Objective: Severe airways obstruction and bronchiolitis obliterans have been reported in microwave popcorn production workers and attributed to inhalation of flavoring agents. We investigated whether exposure to flavoring agents is associated with airways inflammation in popcorn production workers.
Methods: Fifty-nine workers with high exposures and 22 patients with low exposures to flavoring vapors completed a questionnaire, spirometry, and sputum induction. Sputum cell counts were categorized as “high” if greater than (and “low” if less than or equal to) the median cell counts of a healthy external control group (n = 24). We compared high- and low-exposure groups as well as all workers with control subjects.
Results: Neutrophil concentrations in nonsmoking workers were significantly higher than those of the healthy nonsmoking control group (p < 0.05).
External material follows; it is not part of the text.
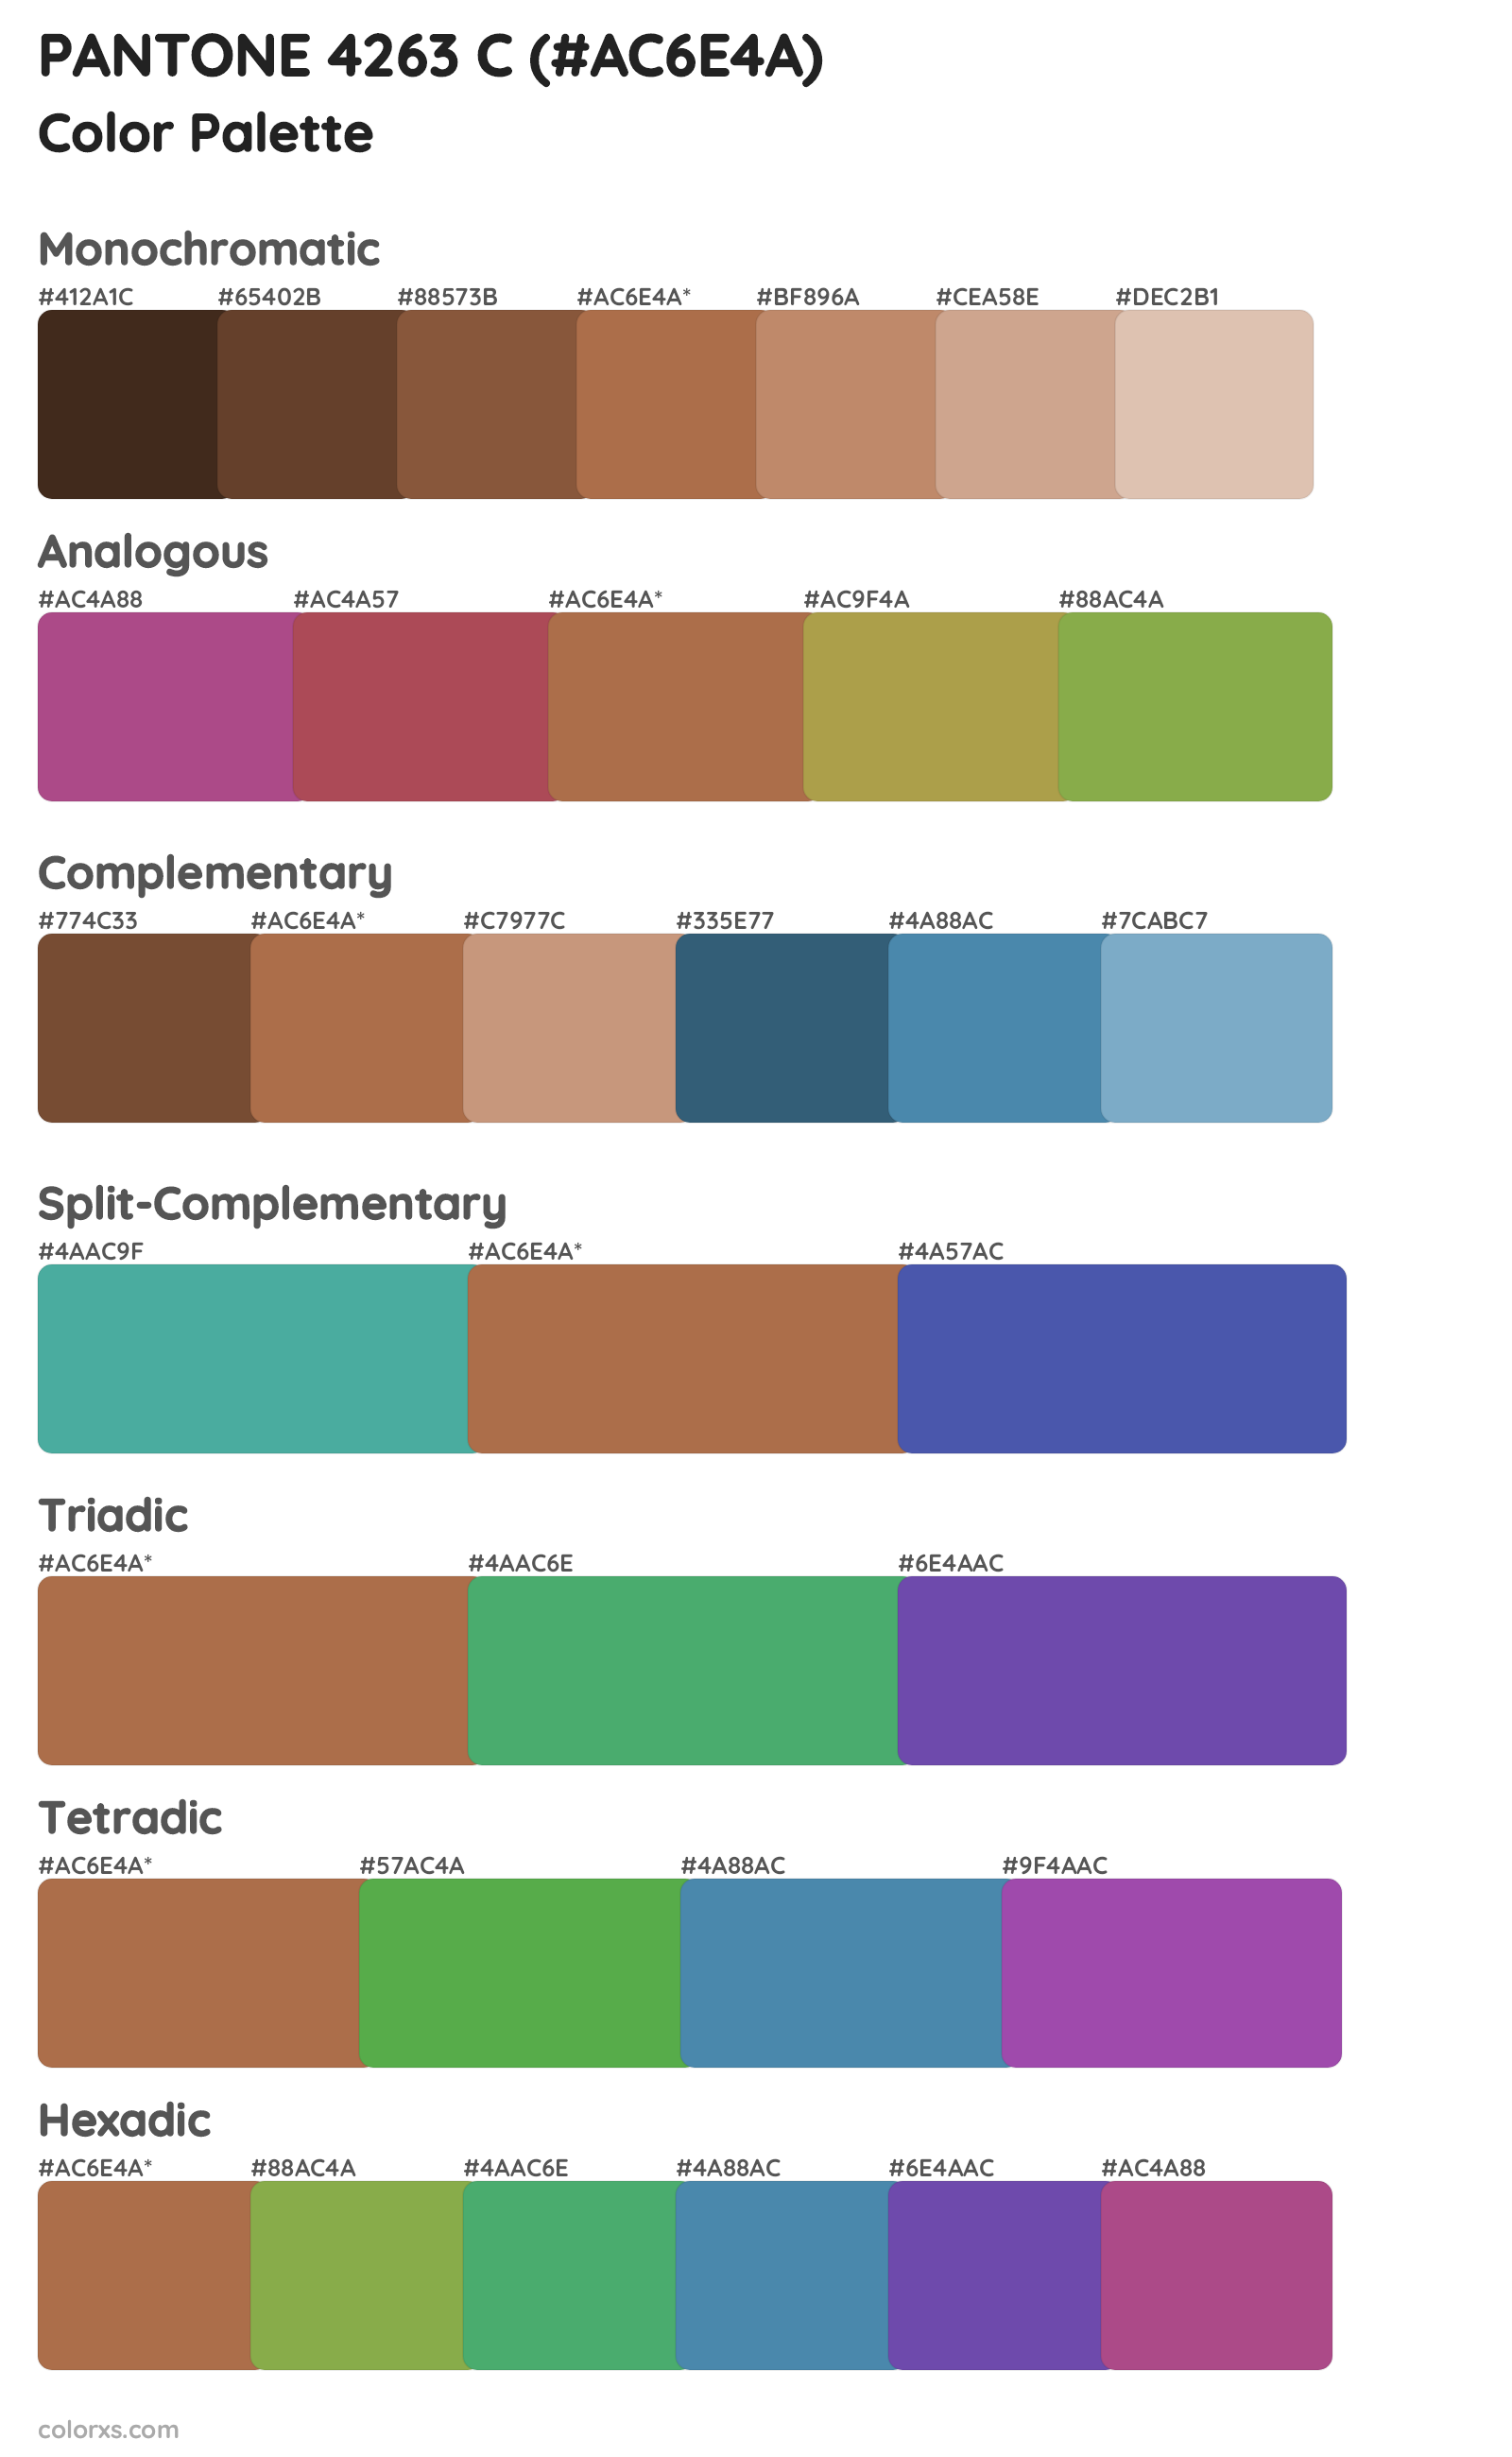 PANTONE 4263 C Color Scheme Palettes

The smoking-adjusted odds ratio for high neutrophil count (> 1.63 × 105/mL) was 3.8 (95% confidence interval, 1.3 to 11.5) in the high-exposure group compared with the low-exposure group. Sputum interleukin-8 and eosinophil cationic protein levels were higher in high-exposure workers than in low-exposure workers (p < 0.05). For the worker group, mean values of FEV1 percentage of predicted and FEV1/FVC percentage of predicted were > 95%. There were no relationships between sputum characteristics and the presence of airways obstruction.
Conclusions: High exposure to popcorn flavoring agents is associated with neutrophilic airway inflammation in popcorn production workers. These data provide further evidence that popcorn production workers face a significant occupational hazard through exposure to flavoring agents.